GIVEN DATA ::
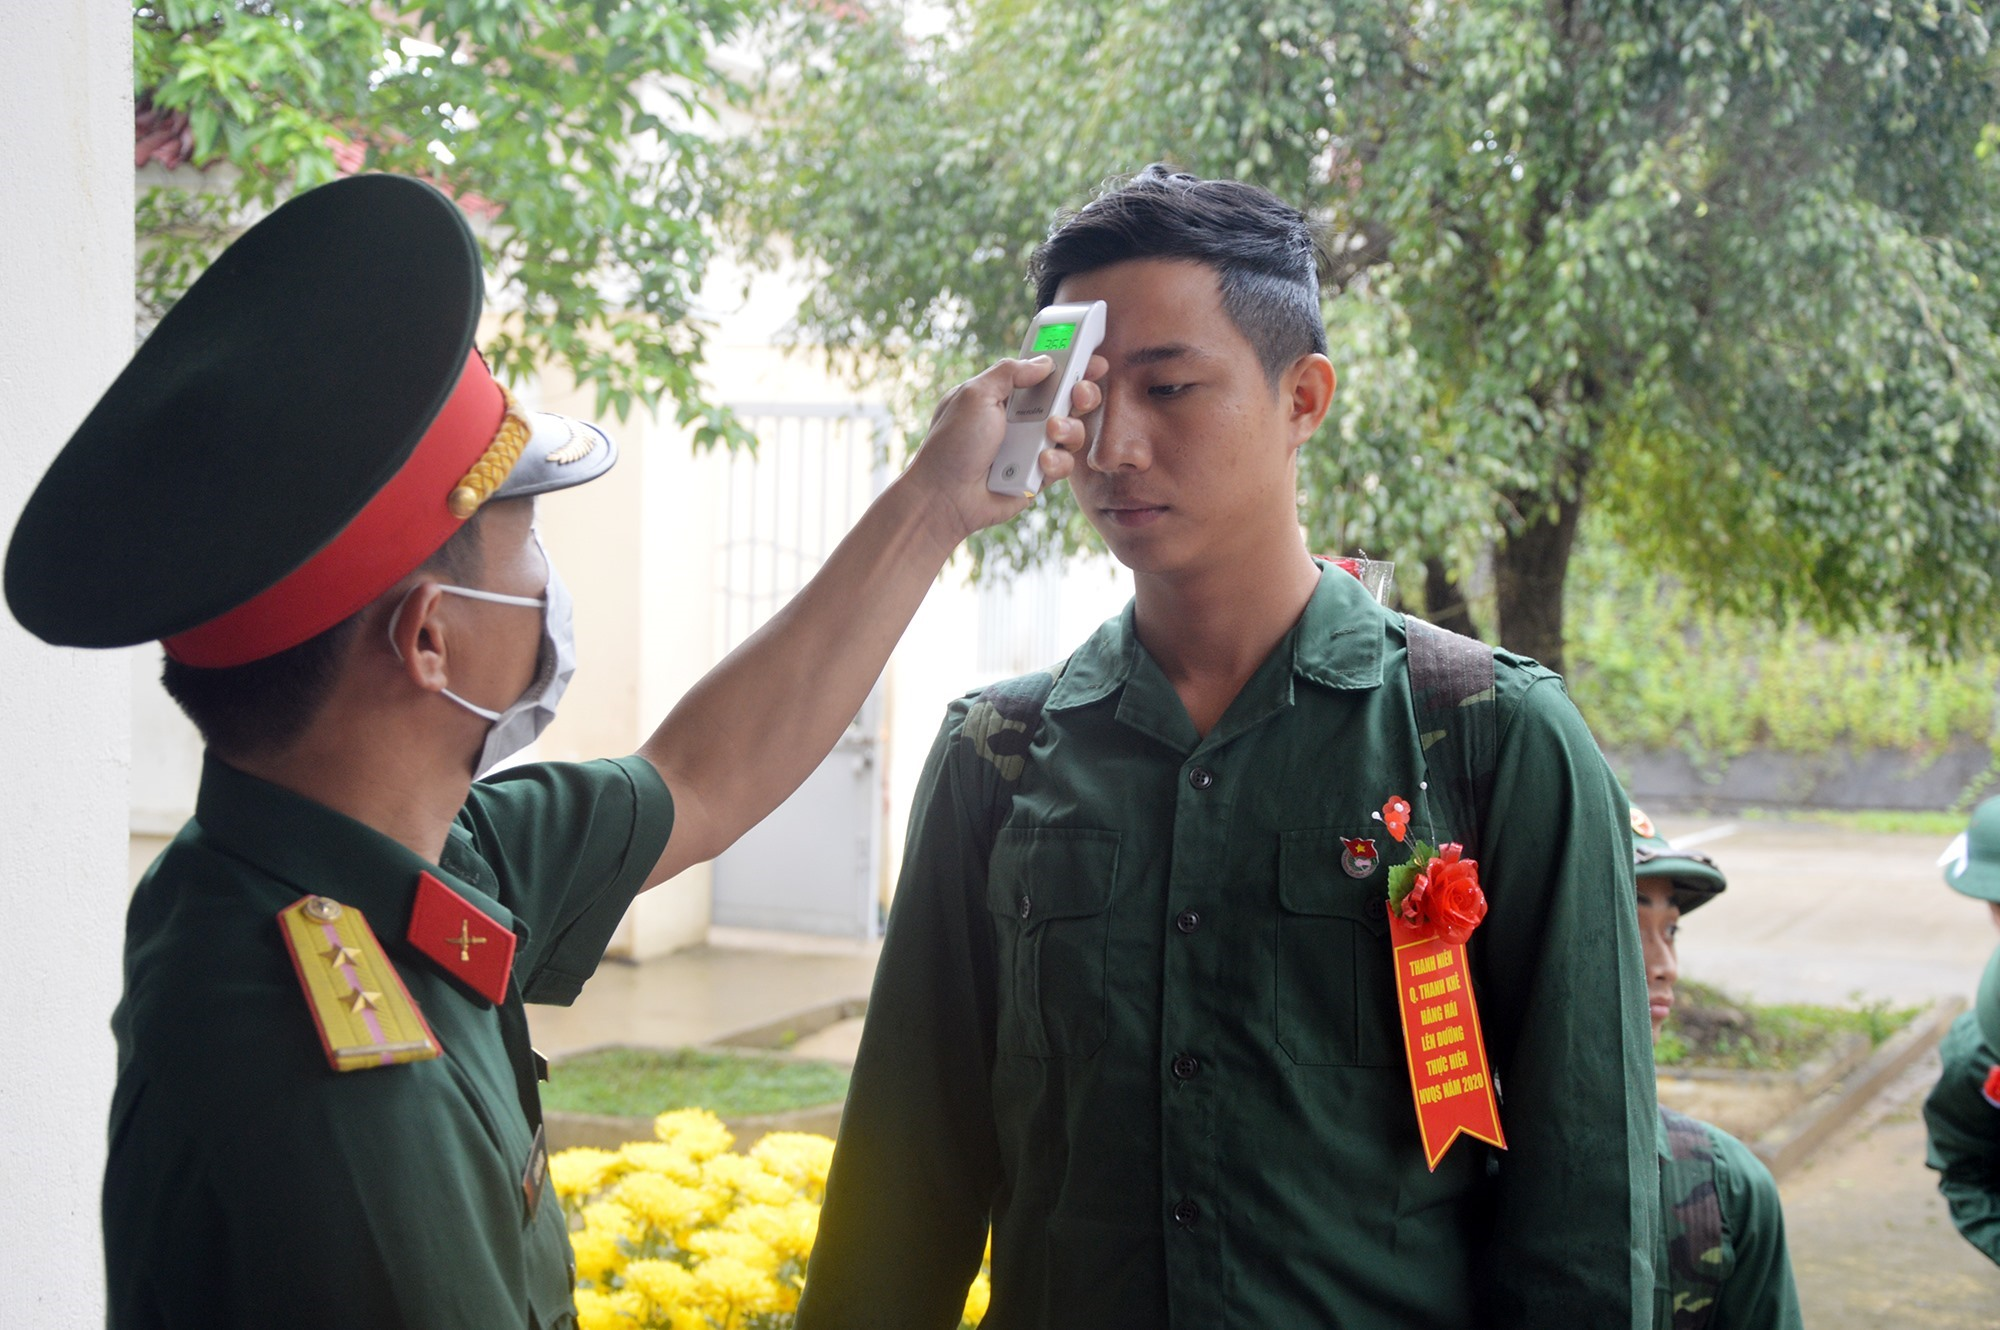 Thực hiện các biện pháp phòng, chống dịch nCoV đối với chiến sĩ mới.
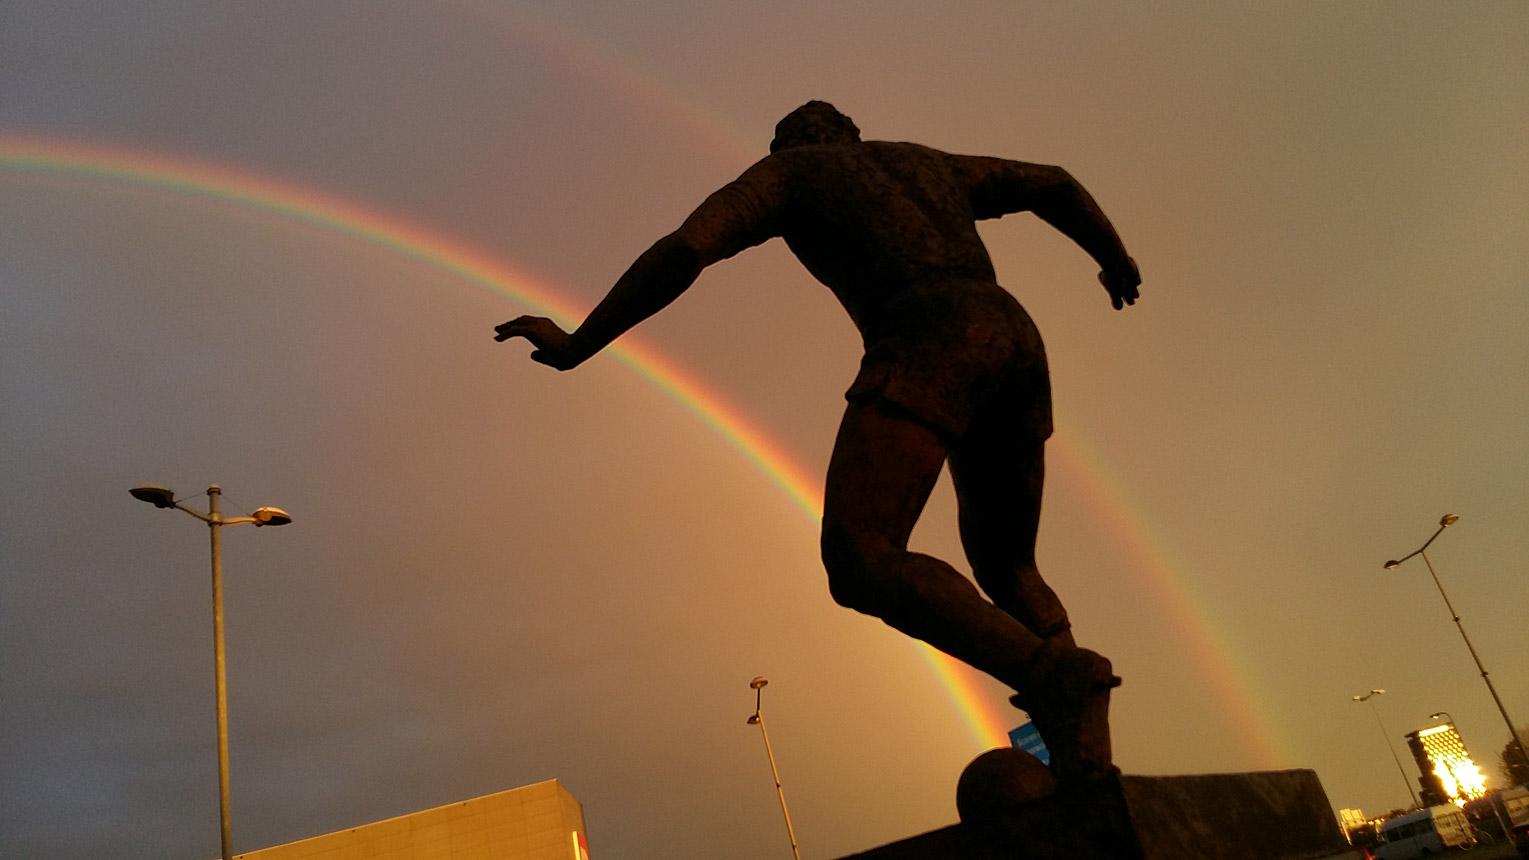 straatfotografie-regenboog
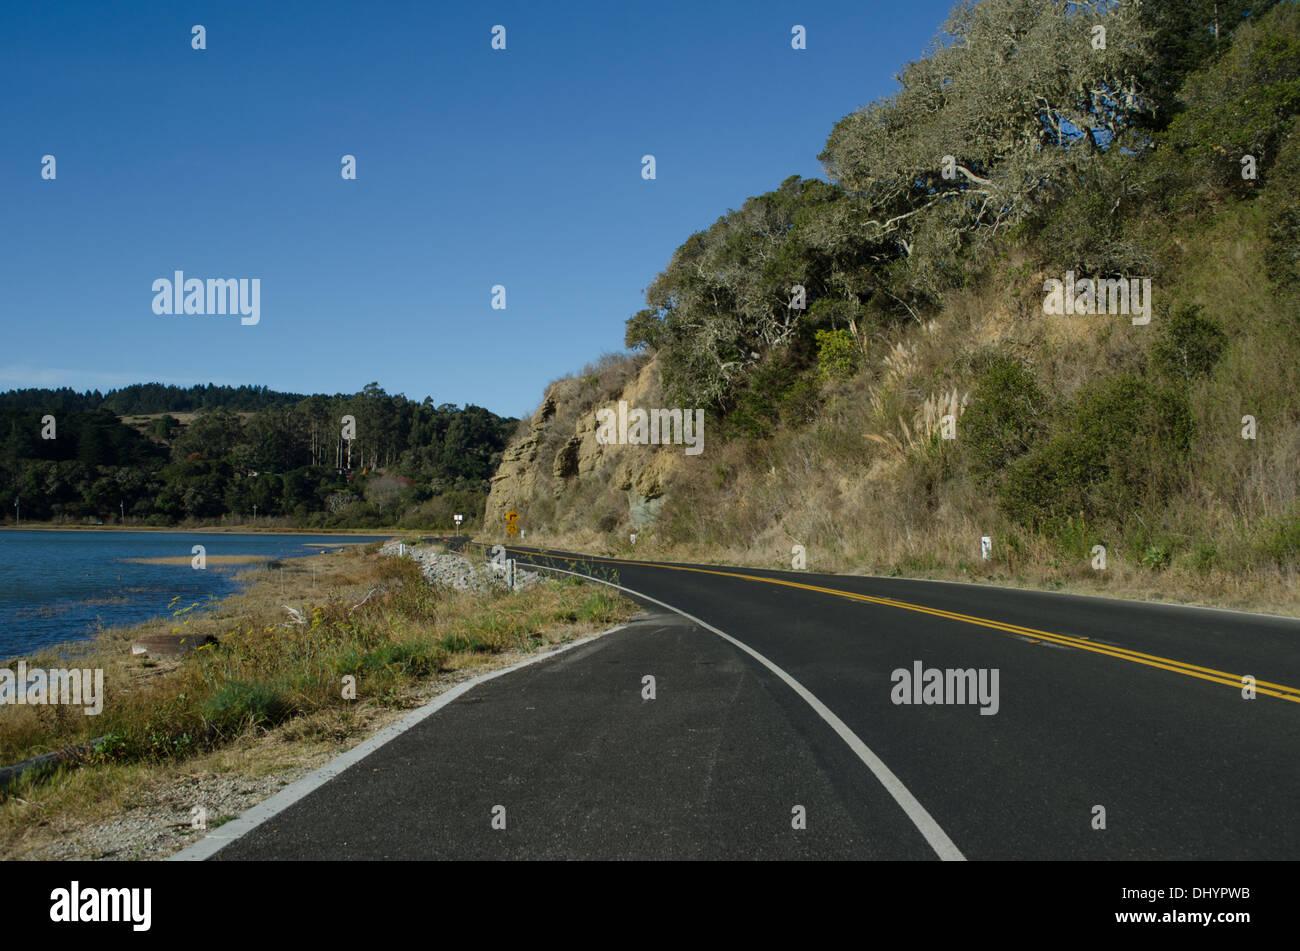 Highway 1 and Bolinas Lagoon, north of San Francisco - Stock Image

PROBLEM DETAILS :: Pictures are to be left out; all other data must be returned exactly.

RESPONSE AREA ::
 Thực hiện các biện pháp phòng, chống dịch nCoV đối với chiến sĩ mới.
 straatfotografie-regenboog
 Highway 1 and Bolinas Lagoon, north of San Francisco - Stock Image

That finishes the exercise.